Accepting a Thank You for something that everyone else could have done feels weird. But the thing is: I did it. Not someone else. And what I thought is just my itch seems to have been the itch of so many other people as well. But they didn’t step up and scratch it. Some might not even have known that it was their itch. But by having it scratched others realized that it was “scratchworthy”. And so I came to realize that it’s OK to accept a Thank You. It’s not only for doing whatever people thank me, it’s also for realizing that something should be done. It’s for going from “someone should” to “I will”. For making a general wish actually actionable.

And even though I wrote about me in these lines so far, the same applies to everyone out there: Most of the awesome things created out there where created because someone was solving an issue they had, and not because they wanted to become famous for something. Becoming famous sort of happens along the way. I remember a friend of mine telling me that he didn’t understand “Twitter-Fame”: People stepping up to him at conferences just to take a selfie with him. But that was exactly the thing. Those people valued him for what he did for them, even without realizing that he did something. And by now every time someone steps up to me for a selfie (which doesn’t happen that often) I’m grinning for myself and mumble “Thank you too”.

So accepting a Thank You is still not easy (and I think that’s good because it shows me it’s not the default) but I can accept it now. And it is a nice way of getting a bit of reward back for time and effort put into that scratching my own itch.

Which brings me to the other side of that Thank You.
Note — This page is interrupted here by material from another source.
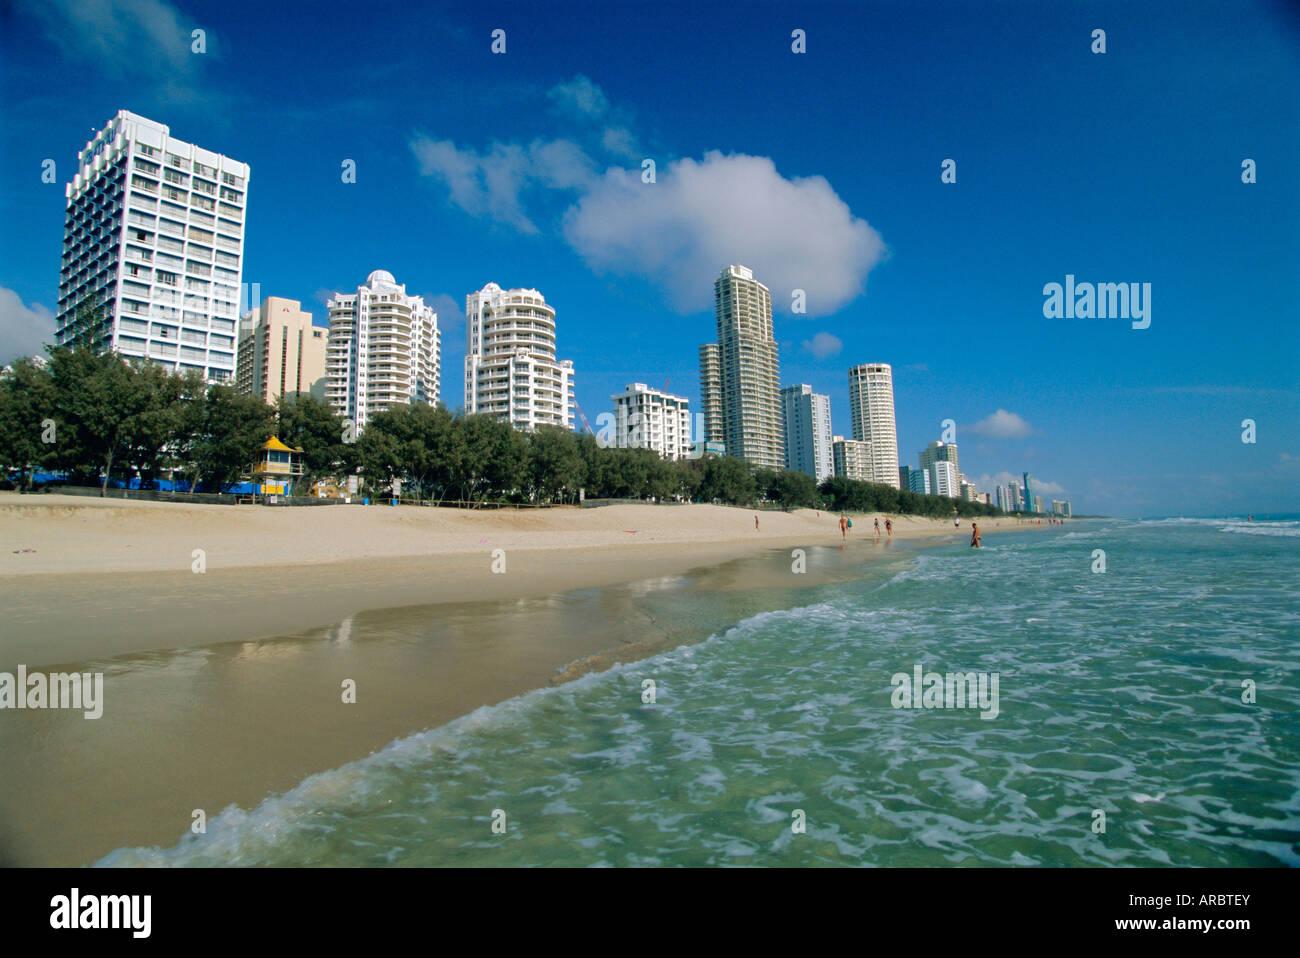 Surfers Paradise beach, Gold Coast, Queensland, Australia - Stock Image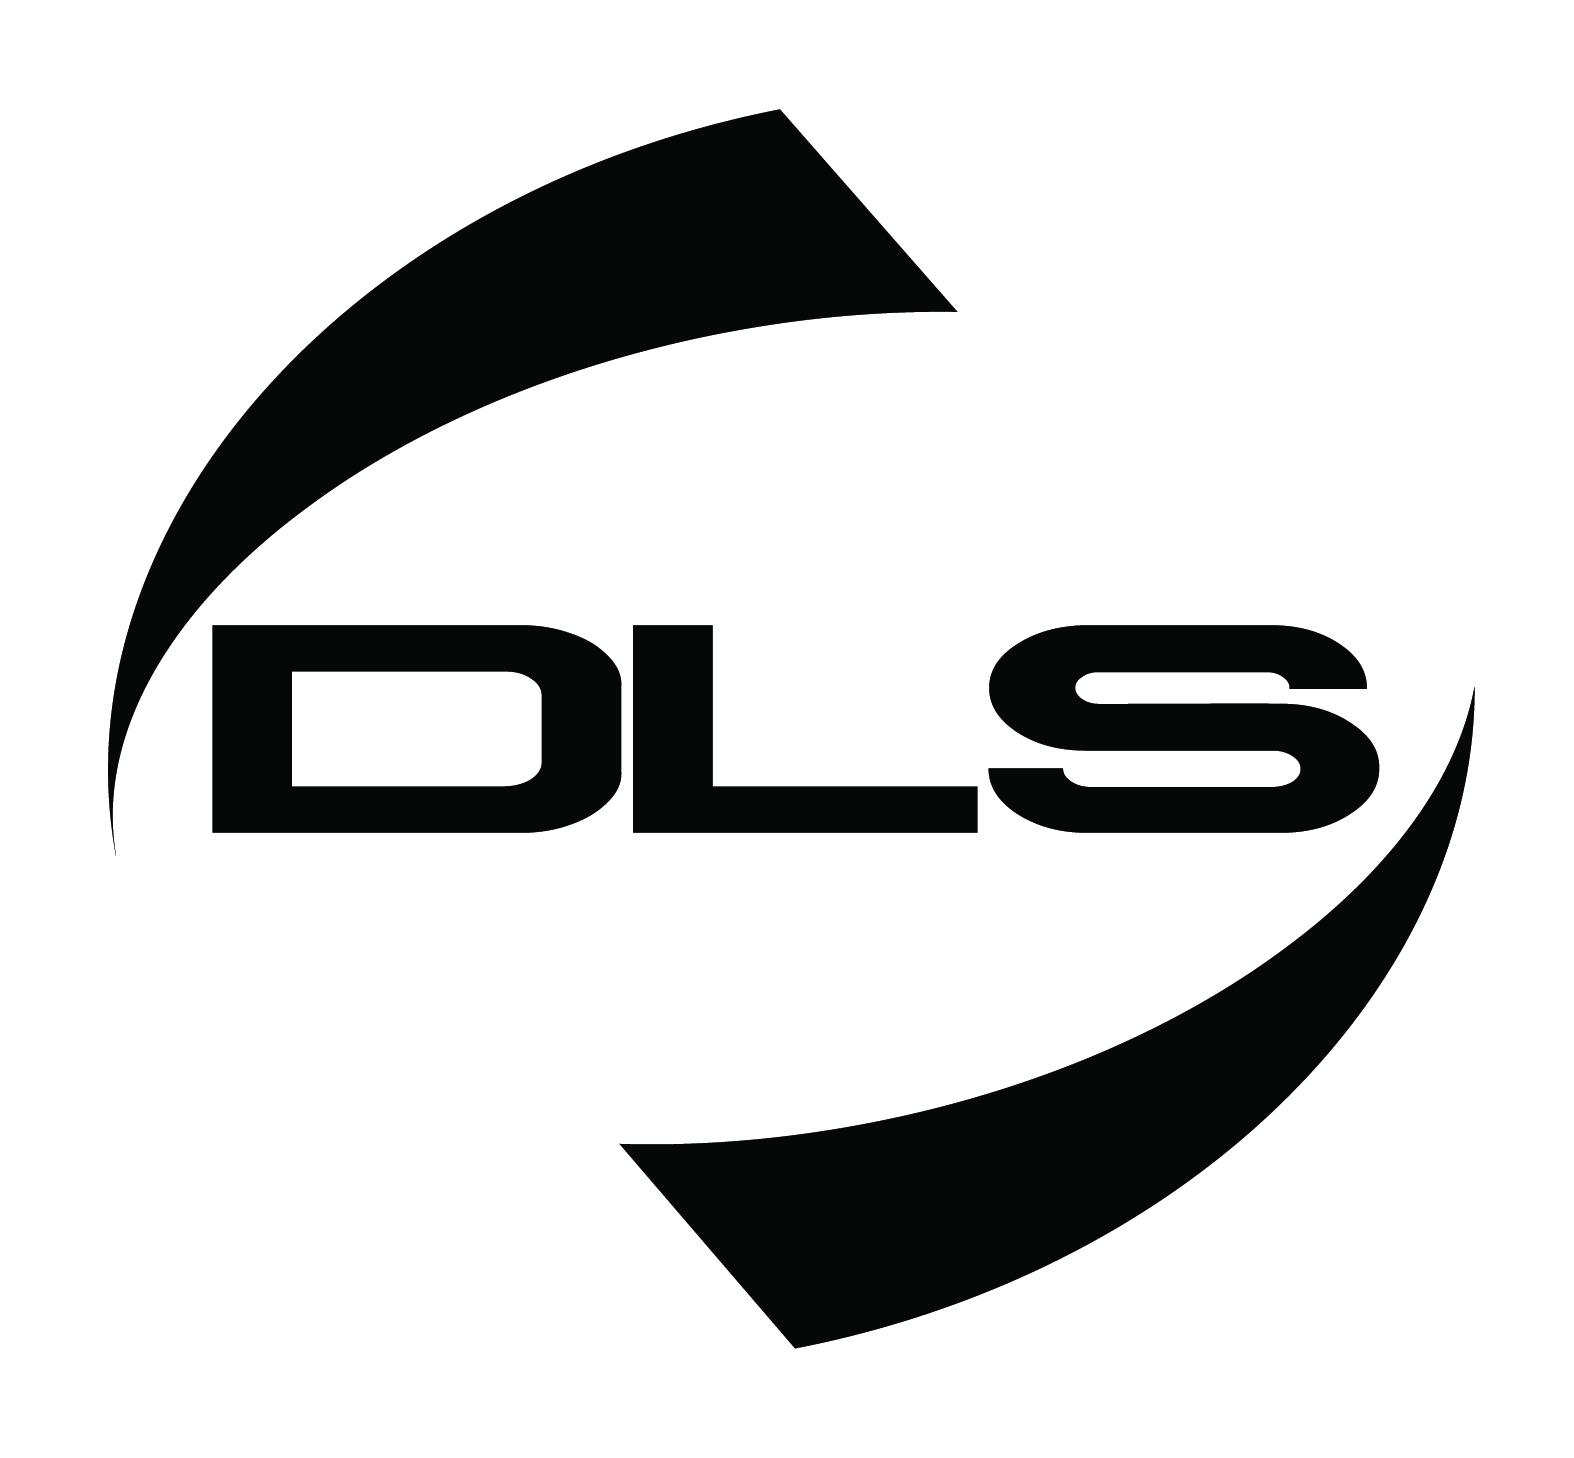 dls_black_plain.jpg

As I just said: Most projects where born by solving a problem someone had. And from that point on it also suddenly solved the same problem for a lot of people. So if you haven’t done so already, why not say Thank You to those projects, people, companies that made it possible to help you with your work?

Think about which projects, people of companies have actually helped you with your days to day job? Sit down (or stand up) and thank them! You might ask: “How can I thank them?” Well, nothing is easier than that: Write them a mail or a tweet with a plain and simple “Thank you”. Or a more elaborate “Thank you for your hard work that makes my life as Developer easier”. Or have a look around the internet to see whether there is an Amazon Wishlist to get something from or a Patreon you can support or a consulting-gig you can use to support the project. Or hire one of the developers for a certain amount of time to allow them working full-time on their project.

Say Thank you to the people that created your framework of choice, your DBAL of choice, your programming-language of choice, your WebServer of choice, your TLS of choice. Thank the people that provide your serverless-environment, your billing-plattform or your tax-return. And even if you pay for those services, that’s a matter of allowing them to continue to run the service. But that Thank You also shows them that it’s been the right thing to do in the first place. And that it’s not only a business but also something their customers value.

And isn’t this the best time of the year to say Thank You?

So from me a big Thank You to all the usergroup-organizers, all the conference-organizers, all the Chat-Channel moderators, all the volunteers that help keeping and making my language of choice awesome, all the maintainers of all the awesome libraries and projects, all the companies that support OpenSourceSoftware, all the people doing their share to make this community awesome and to everyone I forgot!

And also – last but not least – a big Thank you to you for reading this! And perhaps Thank You for saying Thank you?